If you don't abuse certain features in The Last of Us Part 2, some portions of the game will prove harder than necessary, especially if you're the kind of player who doesn't quit until you turn over every rock and uncover every secret. Some of these strategies might employ in-game features in ways the devs didn't intend, while others are just examples of how realism can make gamers think outside the regular gaming box.
Not using the accessibility options to find collectibles
Like any title designed to keep gamers occupied for hours, The Last of Us Part 2 features a wealth of collectibles, most of which are easy to miss since you have to search high and low for them. Given the number of collectibles scattered throughout the game and the depths you have to go to find them, you may wish there was an easier way to achieve the highly coveted 100%. Good news: there is.
The Last of Us Part 2 includes a wealth of accessibility options, the most important of which is High Contrast Display. This option makes the game world look less like a realistic post-apocalyptic land overgrown with plants and zombie fungus and more like a proof of concept gameplay sample that doesn't feature character textures. However, high contrast is crucial for people with limited vision since everything glows a distinctive color, including collectibles and pickups. And, it is easy to find collectibles in this mode.

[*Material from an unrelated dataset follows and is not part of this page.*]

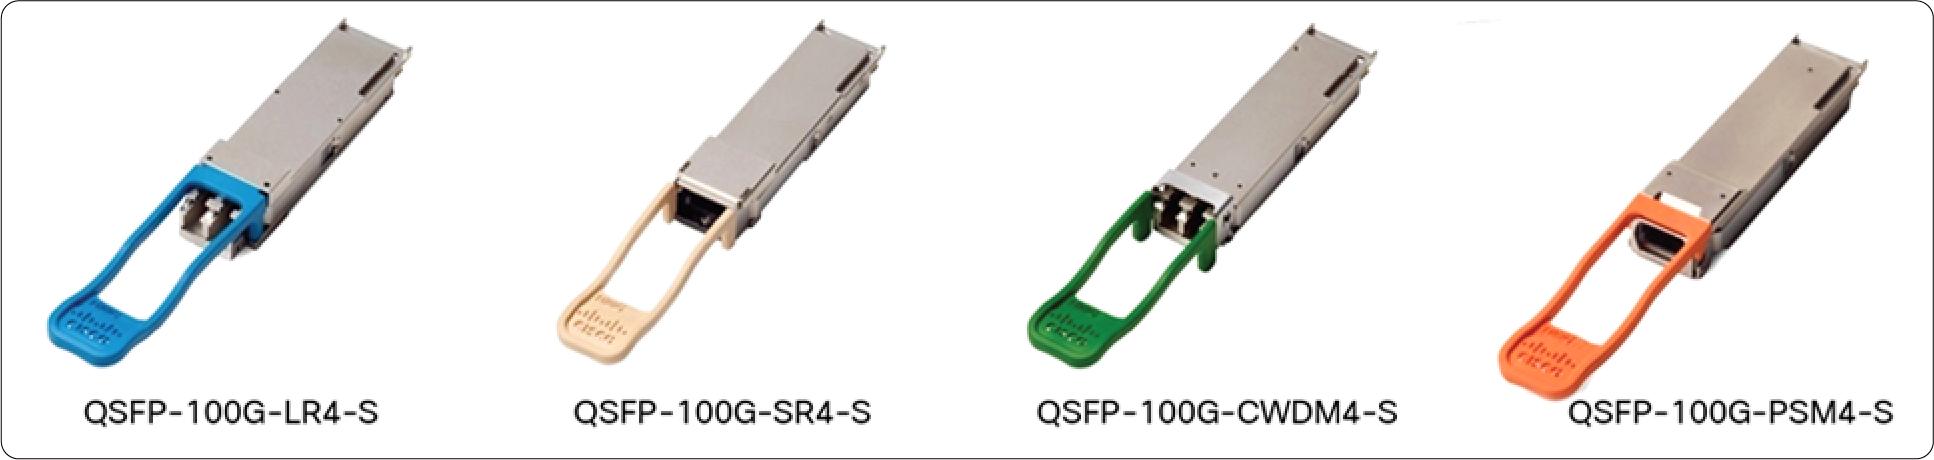 QSFP-100G-AOC7M Cisco 100 Gigabit Modules - Cisco 100GBASE QSFP Modules - 2

But, if High Contrast Display still isn't enough, you can also activate Enhanced Listen Mode to give the protagonist echolocation that pings objects. If for any reason you think you've missed a collectible, give Enhanced Listen Mode a go and see what you overlooked and where to find it. In fact, just use Enhanced Listen Mode religiously, and you will be on your way to completionist godhood.
Opening safes without listening for telltale tumbler clicks
If you've ever seen a heist movie, you probably encountered a scene where someone dons a stethoscope, listens closely to a safe's tumblers as they turn the knob, and opens the safe on their first try. This trick is known as safe-cracking, and you too can be a master safe-cracker in The Last of Us Part 2.
If you listen carefully — and turn the game/TV's volume past recommended safety levels — you can hear two different tumbler clicks. The first click indicates when you just move the knob, but when you turn it to the correct number, the in-game safe emits a slightly louder click. You might need a few tries to tell the difference between the two sounds, and to find the right volume level, but eventually you will get the hang of it.
With this trick, you won't need to spend precious time searching for safe codes.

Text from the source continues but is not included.